__Work request__
Where an image appears, leave it out; otherwise repeat the data exactly.

__Exercise data__
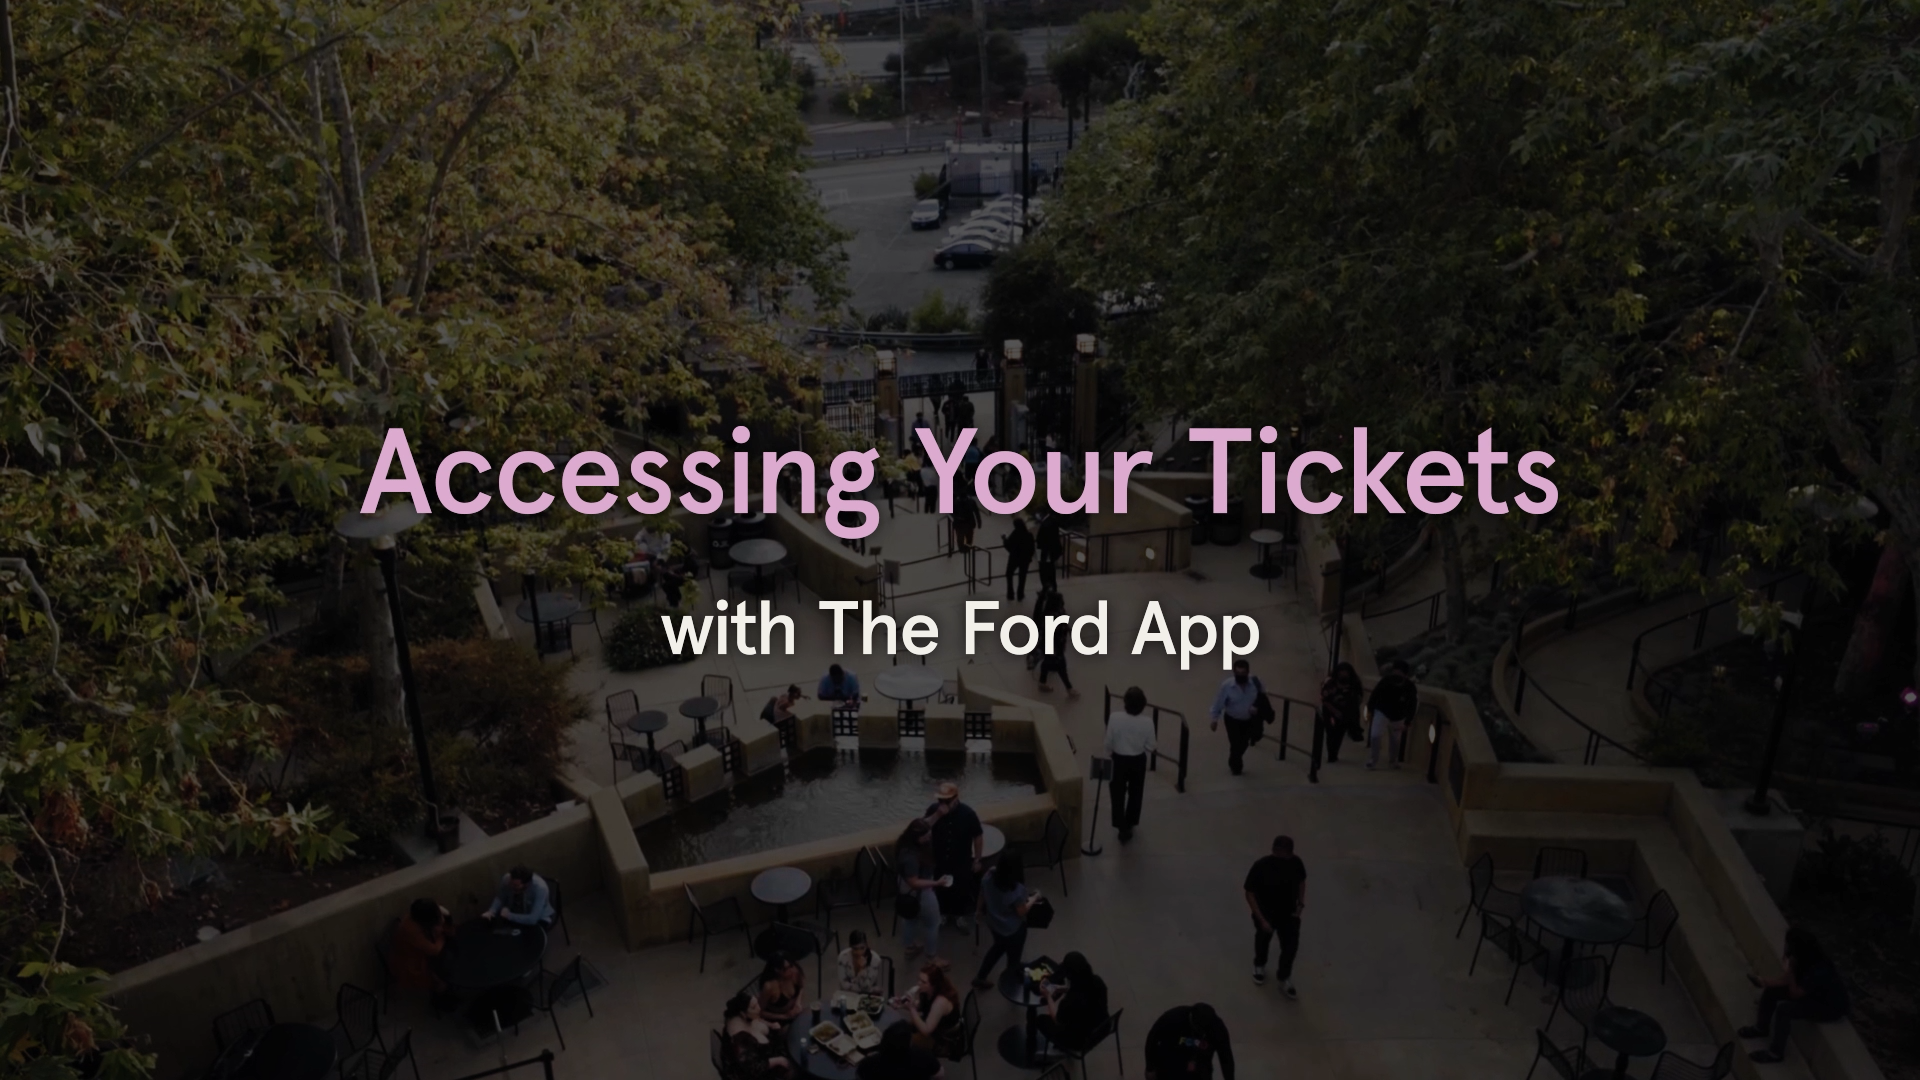 Video about Accessing Your Tickets on The Ford App
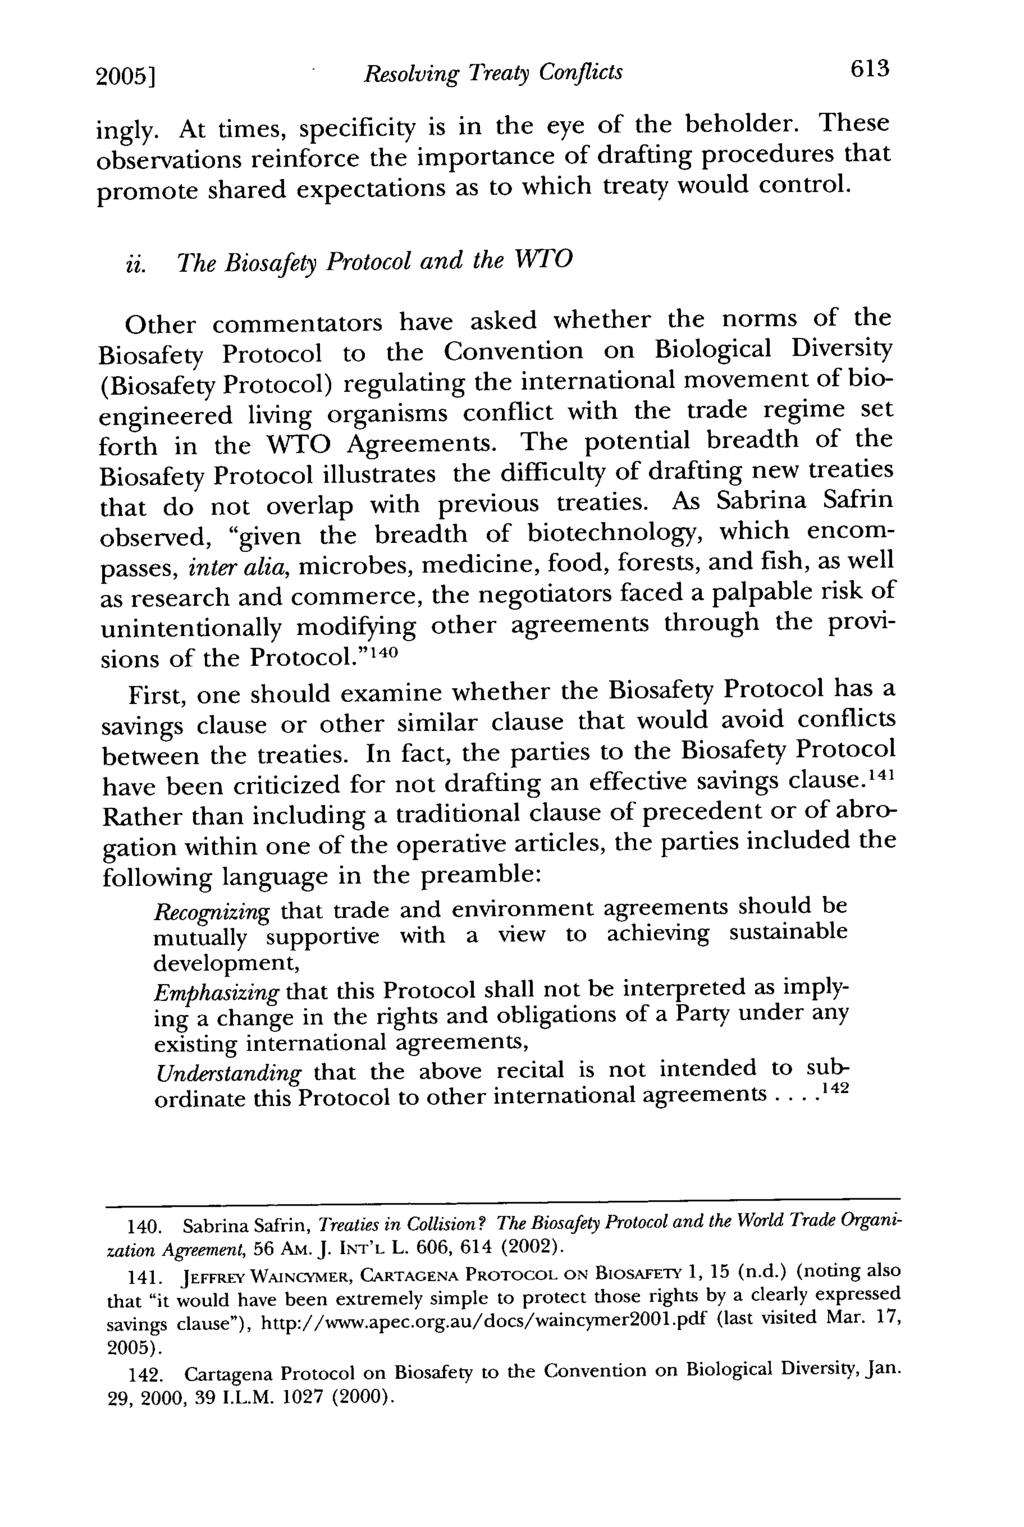 2005] Resolving Treaty Conflicts ingly. At times, specificity is in the eye of the beholder.
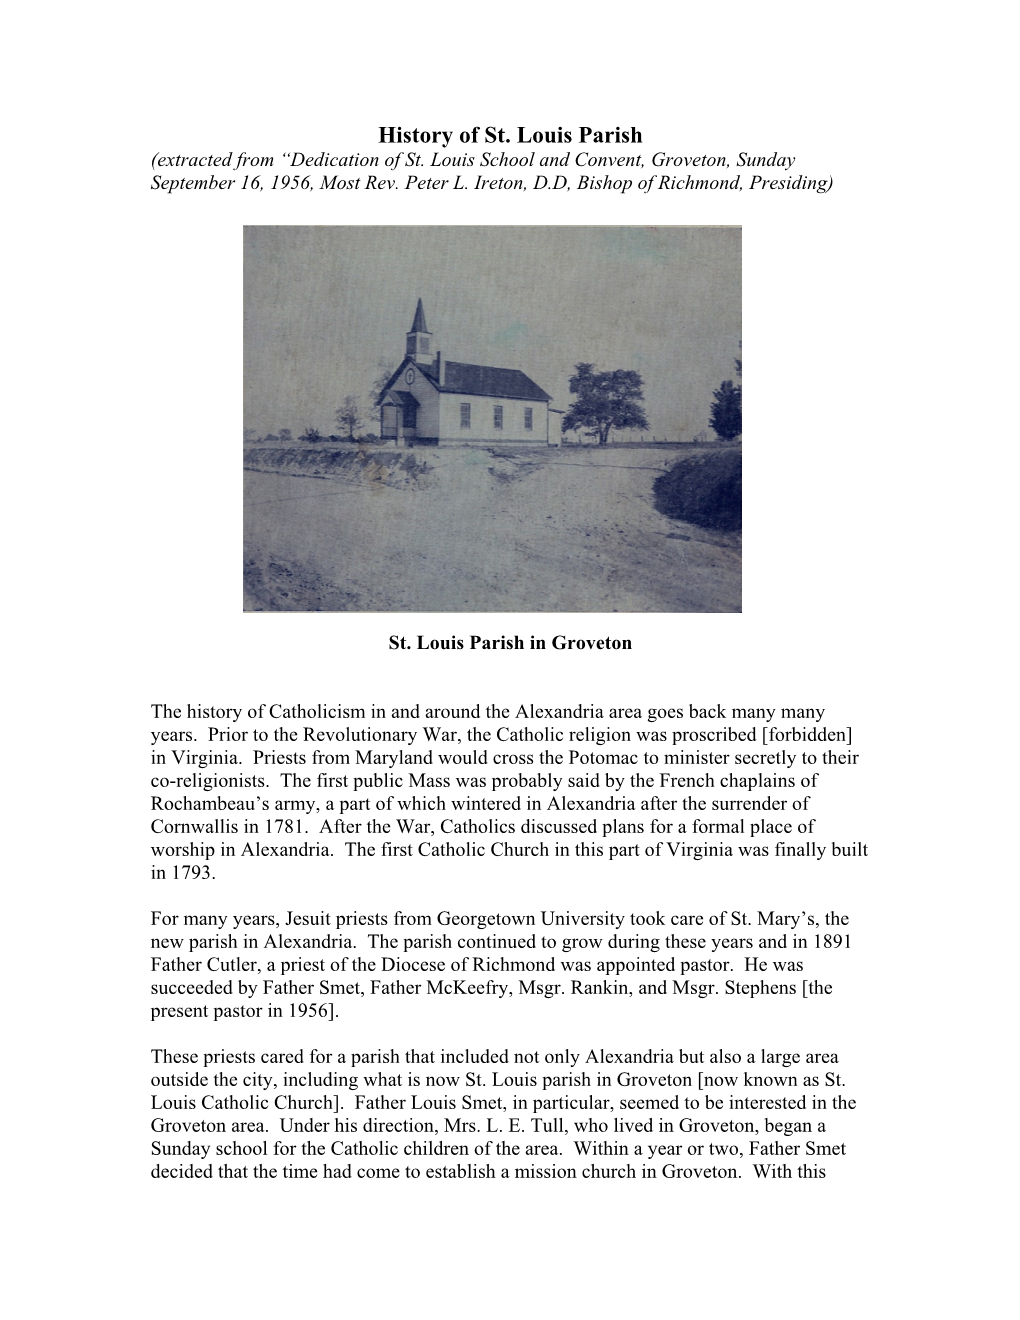 History of St. Louis Parish (Extracted from “Dedication of St

__Your solution__
 Video about Accessing Your Tickets on The Ford App
 2005] Resolving Treaty Conflicts ingly. At times, specificity is in the eye of the beholder.
 History of St. Louis Parish (Extracted from “Dedication of St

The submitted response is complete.